Qual o cenário da educação de tempo integral no Ceará

Com avanço na oferta de matrículas para estudantes, o Estado é o terceiro do Brasil na proporção de alunos em tempo integral matriculados na rede pública de ensino médio

Escrito por Gabriela Custódio , ceara@svm.com.br
Alunos em escola estadual no Ceará
Legenda: No tempo integral, os estudantes cumprem uma jornada de sete a nove horas diárias e têm três refeições garantidas por dia
Foto: Fabiane de Paula

Em passagem pelo Ceará, o presidente Luiz Inácio Lula da Silva (PT) e o ministro da Educação, Camilo Santana (PT), lançam o Programa Escolas de Tempo Integral nesta sexta-feira (12). Um dos estados que se destacam nesse tipo de ensino, o Ceará foi escolhido pelo chefe do Executivo para anunciar a iniciativa, cujo objetivo é ampliar a oferta do tempo integral nas escolas brasileiras de educação básica em 1 milhão de matrículas.

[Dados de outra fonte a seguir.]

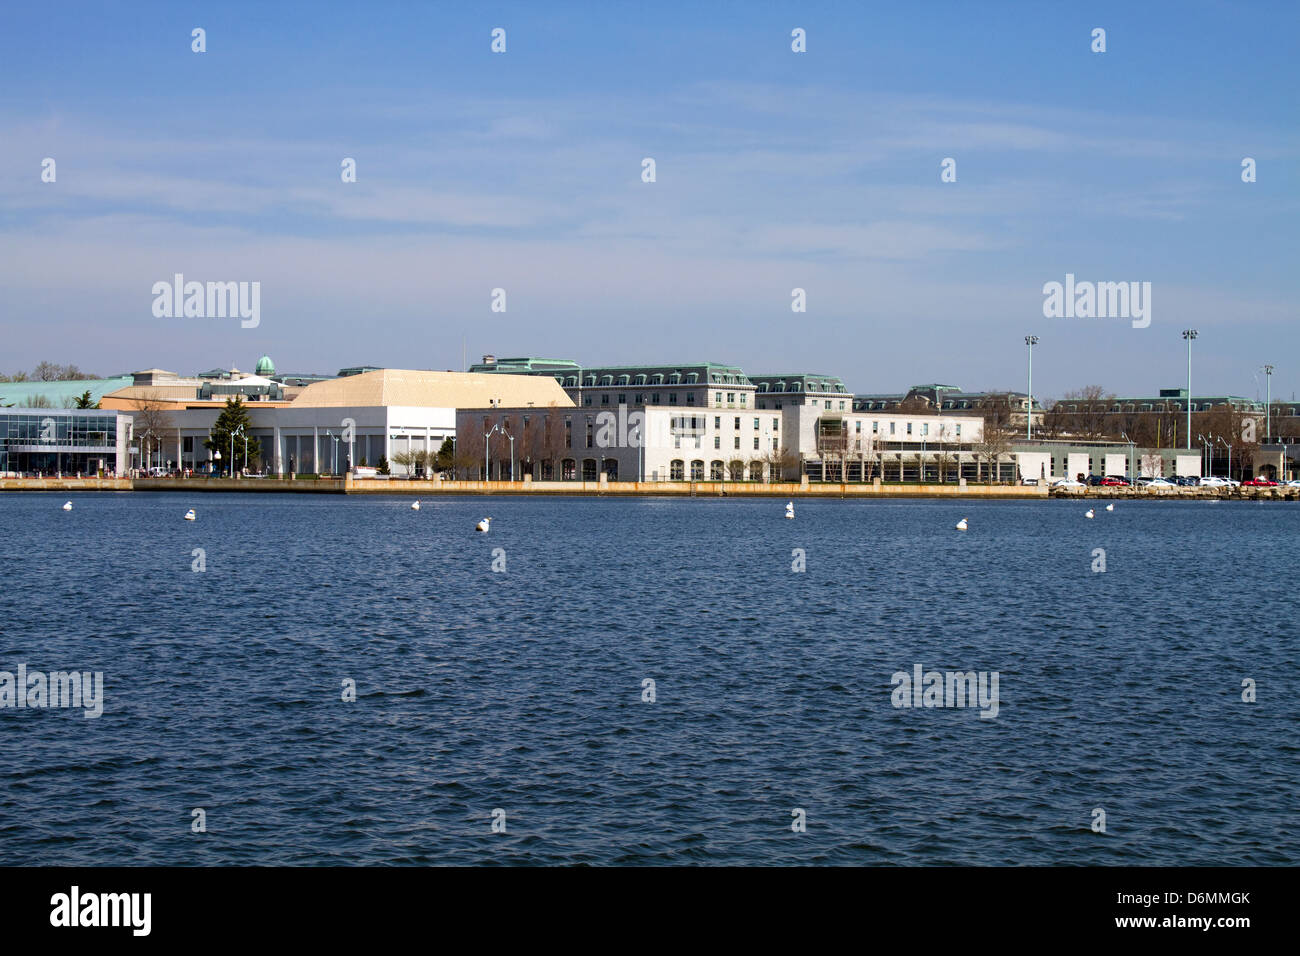 Skyline del campus dell'Accademia Navale degli Stati Uniti si trova in Annapolis, Maryland come viste attraverso il fiume Severn. Foto Stock
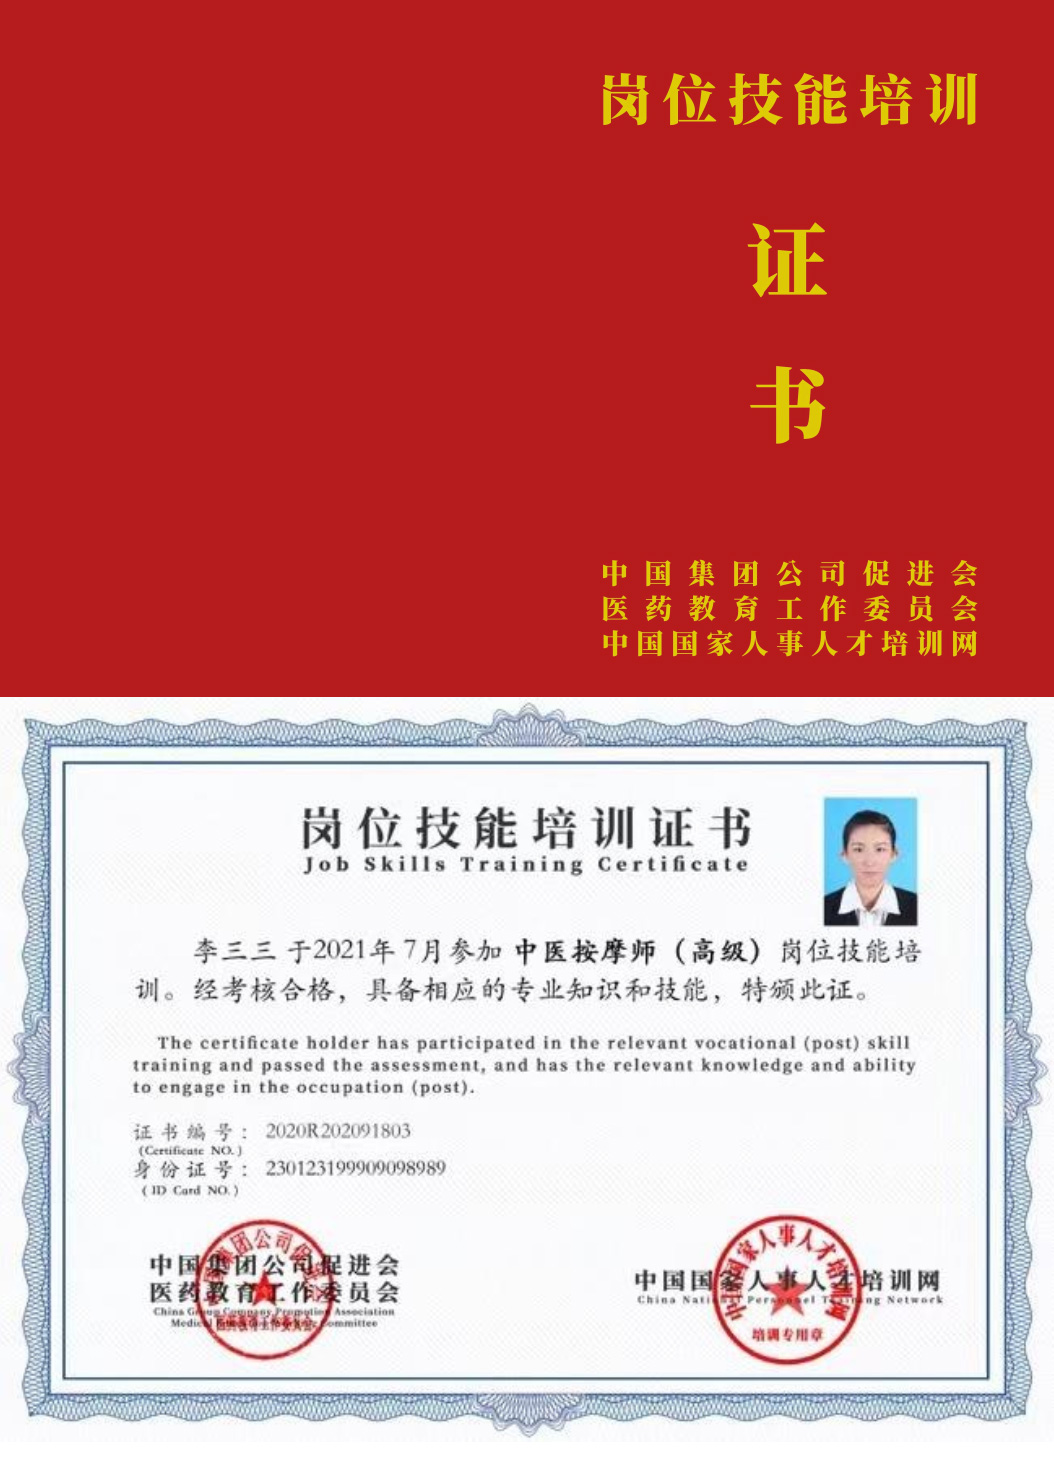 中国国家人事人才培训网 青少年心理成长指导师 岗位技能培训证书

No tempo integral, os estudantes cumprem uma jornada de sete a nove horas diárias e têm três refeições garantidas por dia. O currículo das Escolas de Ensino Médio em Tempo Integral (EEMTIs) é composto pela formação geral básica e por itinerários formativos, com disciplinas eletivas e projeto de vida. Já nas escolas profissionais, o conteúdo do Ensino Médio é ofertado de forma integrada a cursos técnicos.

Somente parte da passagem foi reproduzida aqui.